> [Supplied data]:
- - -

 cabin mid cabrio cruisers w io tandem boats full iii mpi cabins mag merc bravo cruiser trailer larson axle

- - -

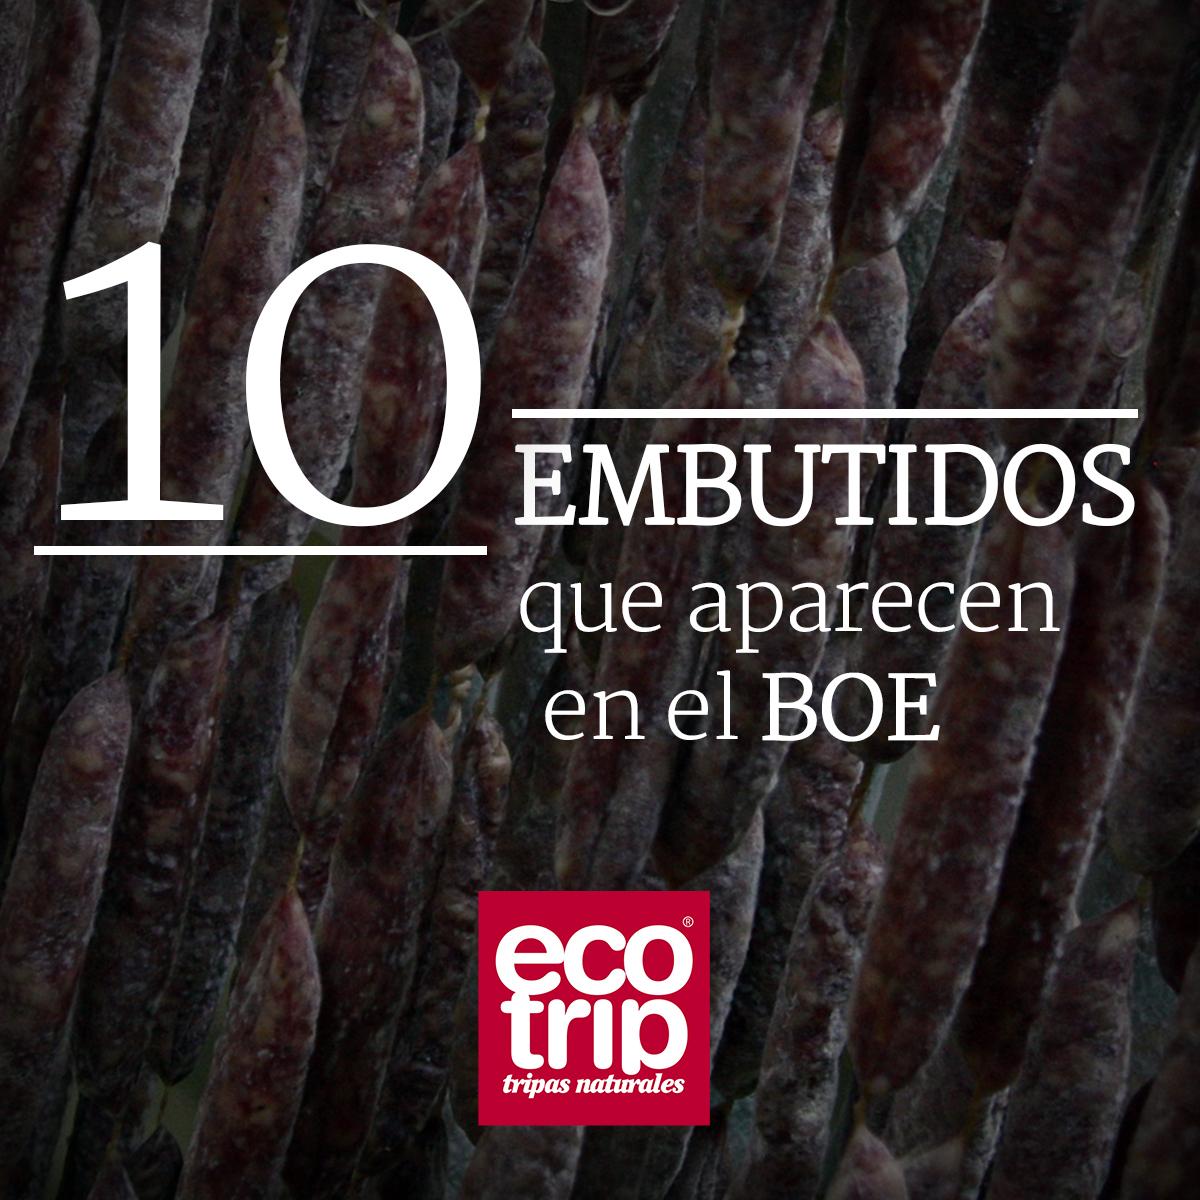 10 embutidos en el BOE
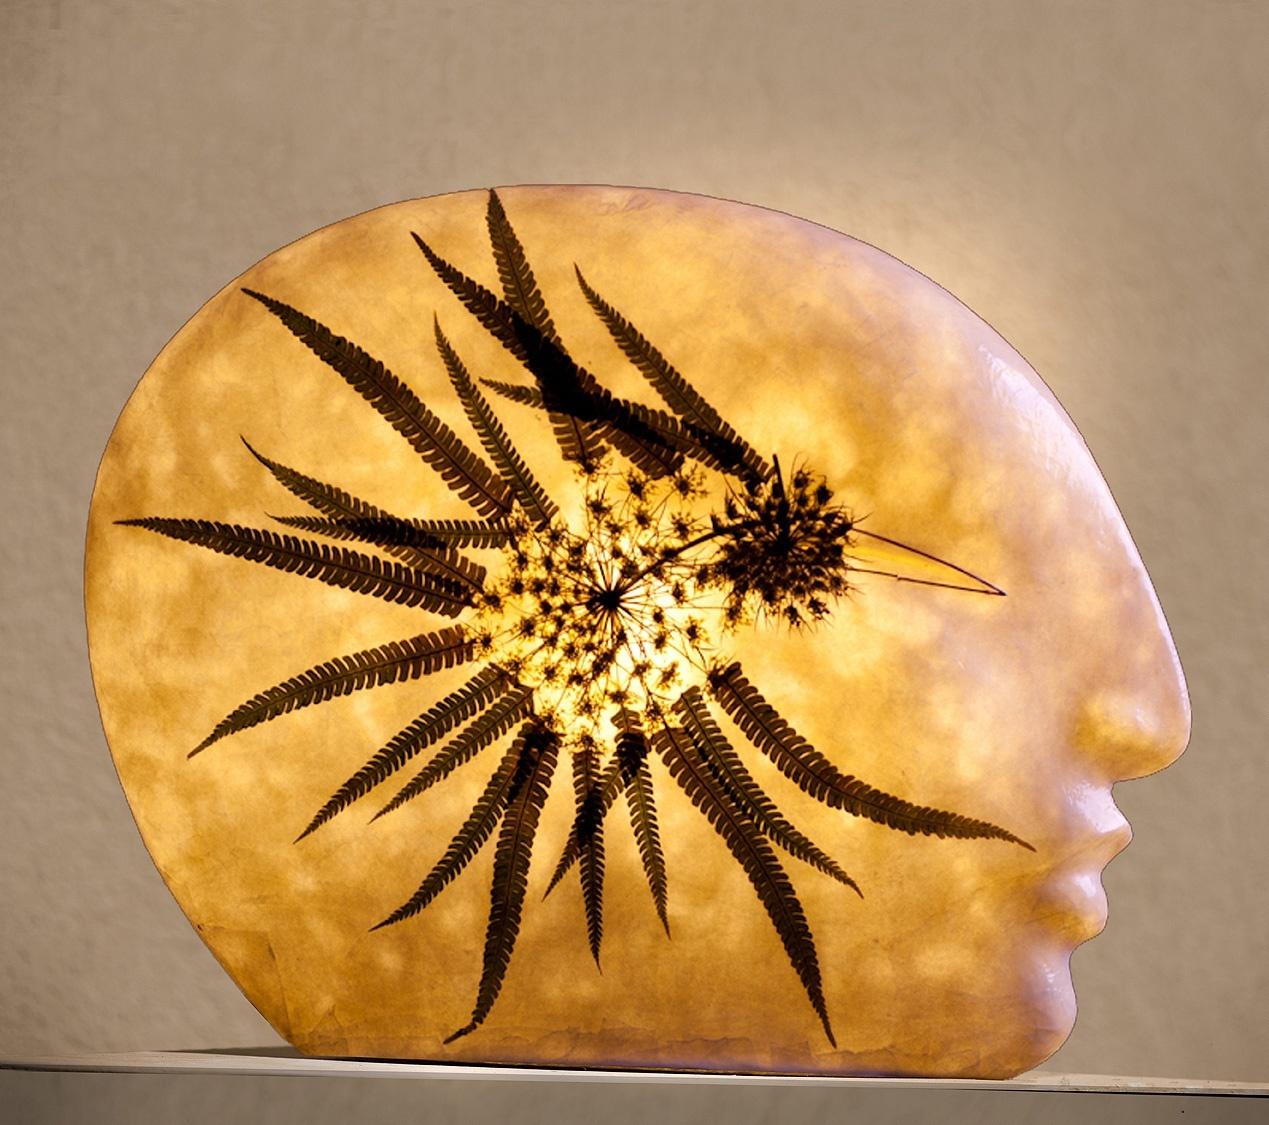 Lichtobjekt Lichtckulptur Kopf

- - -

> [What you have to do]: Go back to the listing above and write out the lines starting at the one with "10 embutidos en el BOE" and ending at the one with "Lichtobjekt Lichtckulptur Kopf", inclusive, exactly and without pictures.

> [Exercise answer]:
 10 embutidos en el BOE
 Lichtobjekt Lichtckulptur Kopf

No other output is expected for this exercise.